Lois Penney left home and somehow met a handsome and extremely rich man, who must have been the love of her life. They had five children, but tragically he died suddenly and unexpectedly when the youngest child was only three years old. It was particularly tragic because they had never married. He came from a very strict, observant Jewish family, and met Lois when his mother was a widow and he never broke away from his her completely. After his death his mother and brothers did support Lois and the children to an extent financially, but she must have felt very alone and daunted by the struggle. It was only after the death of his mother, that Lois took his surname and became Mrs Walford.
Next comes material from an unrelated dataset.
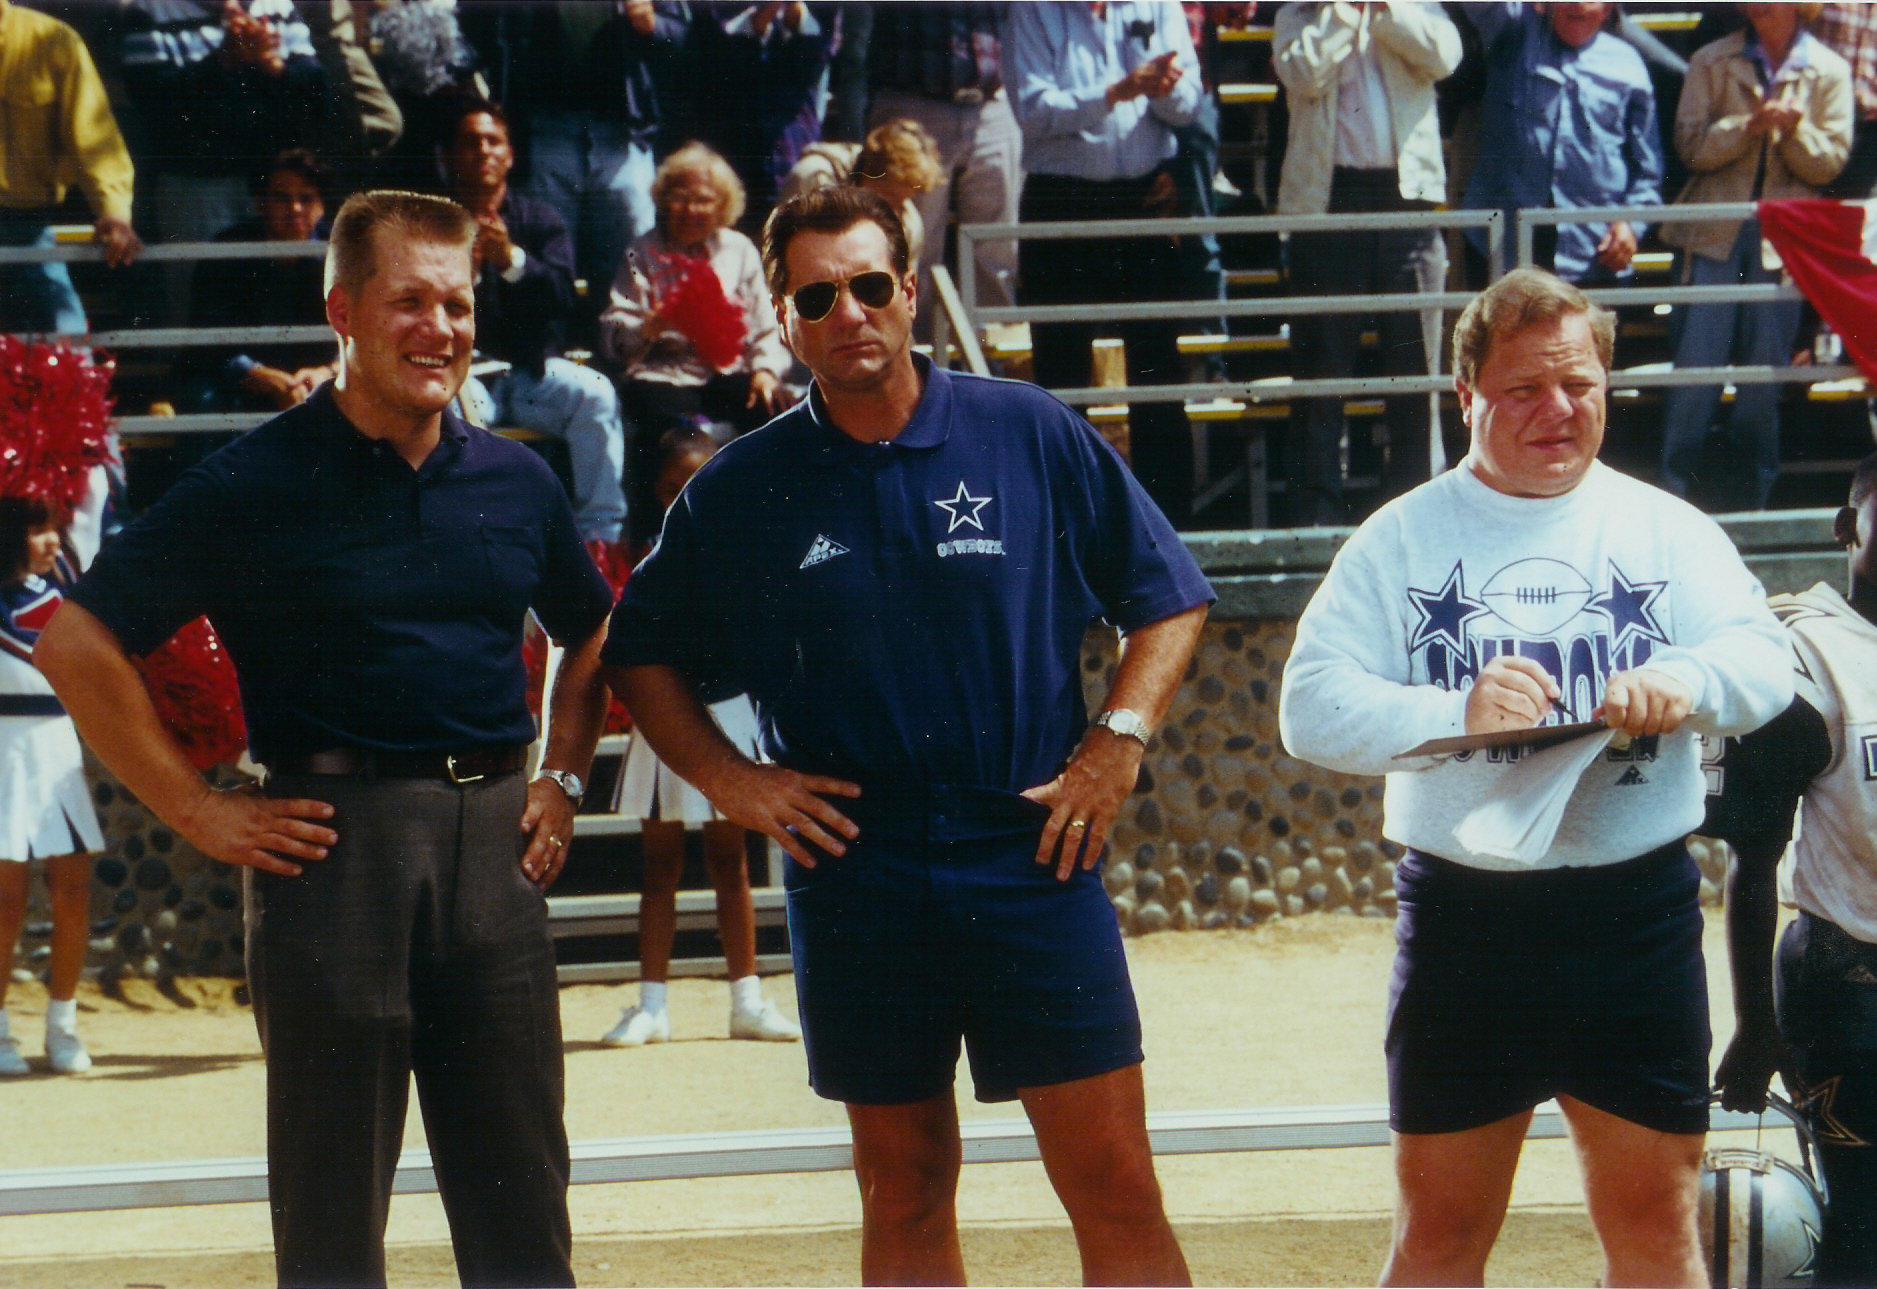 Brian Haley (left) Ed O'Neill (center) Joe Bays (right) in Little Giants

I mentioned that I’ve had a rather ordinary and conventional life, and Lois Penney Walford appeared to have had a similar life. She was extremely strict and particular with archetypal Victorian values and great emphasis on manners, courtesy and behaving correctly. However, in fact her life was very different from what it seemed from the outside, she was extremely unconventional, having five children without being married to their father. Her life in fact was secretly extraordinary and unconventional. If I write the story of Lois’s life from her point of view, I think I will imagine a diary she wrote on the morning of her daughter Ida’s marriage – Ida was my grandmother. Maybe I will write it as a letter to Ida, telling her daughter the true story of her own life. I think that would interest me more than writing about me! But could I do it in 1000 words? Wait and see!